### WHAT IS EXPECTED:
Which lines of the data below hold "Stock"? Copy each of them.

### GIVEN INFORMATION:
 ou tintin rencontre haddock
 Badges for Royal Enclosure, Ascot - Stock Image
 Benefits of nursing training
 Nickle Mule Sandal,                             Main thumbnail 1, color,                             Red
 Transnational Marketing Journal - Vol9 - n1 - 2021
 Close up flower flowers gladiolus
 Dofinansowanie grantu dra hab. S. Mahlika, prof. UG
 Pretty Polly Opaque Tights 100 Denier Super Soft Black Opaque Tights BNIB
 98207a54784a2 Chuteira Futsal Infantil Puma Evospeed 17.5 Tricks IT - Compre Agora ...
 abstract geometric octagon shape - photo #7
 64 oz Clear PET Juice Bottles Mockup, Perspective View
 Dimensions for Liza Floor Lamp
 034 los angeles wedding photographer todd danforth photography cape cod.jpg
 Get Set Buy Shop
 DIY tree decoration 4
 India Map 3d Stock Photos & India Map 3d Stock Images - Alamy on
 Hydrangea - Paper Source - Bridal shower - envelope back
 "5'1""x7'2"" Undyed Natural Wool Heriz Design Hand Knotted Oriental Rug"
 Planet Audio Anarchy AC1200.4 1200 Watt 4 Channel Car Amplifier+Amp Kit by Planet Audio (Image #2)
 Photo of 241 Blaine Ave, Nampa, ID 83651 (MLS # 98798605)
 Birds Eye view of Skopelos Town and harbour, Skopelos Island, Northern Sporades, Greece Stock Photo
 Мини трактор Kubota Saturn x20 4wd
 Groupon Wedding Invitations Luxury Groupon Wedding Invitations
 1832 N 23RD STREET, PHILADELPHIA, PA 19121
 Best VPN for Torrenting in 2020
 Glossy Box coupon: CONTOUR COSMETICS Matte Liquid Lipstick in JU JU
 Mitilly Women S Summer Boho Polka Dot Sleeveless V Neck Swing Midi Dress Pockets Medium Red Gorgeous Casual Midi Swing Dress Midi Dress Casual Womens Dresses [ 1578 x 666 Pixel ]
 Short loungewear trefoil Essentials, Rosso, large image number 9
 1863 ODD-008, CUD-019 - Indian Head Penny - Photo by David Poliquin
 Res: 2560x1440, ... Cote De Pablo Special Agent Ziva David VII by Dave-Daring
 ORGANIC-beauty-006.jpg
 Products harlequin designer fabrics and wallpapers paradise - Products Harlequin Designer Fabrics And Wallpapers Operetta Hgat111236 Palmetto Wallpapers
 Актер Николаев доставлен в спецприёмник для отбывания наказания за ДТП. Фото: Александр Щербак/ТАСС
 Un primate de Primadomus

### EXERCISE ANSWER:
 Badges for Royal Enclosure, Ascot - Stock Image
 India Map 3d Stock Photos & India Map 3d Stock Images - Alamy on
 Birds Eye view of Skopelos Town and harbour, Skopelos Island, Northern Sporades, Greece Stock Photo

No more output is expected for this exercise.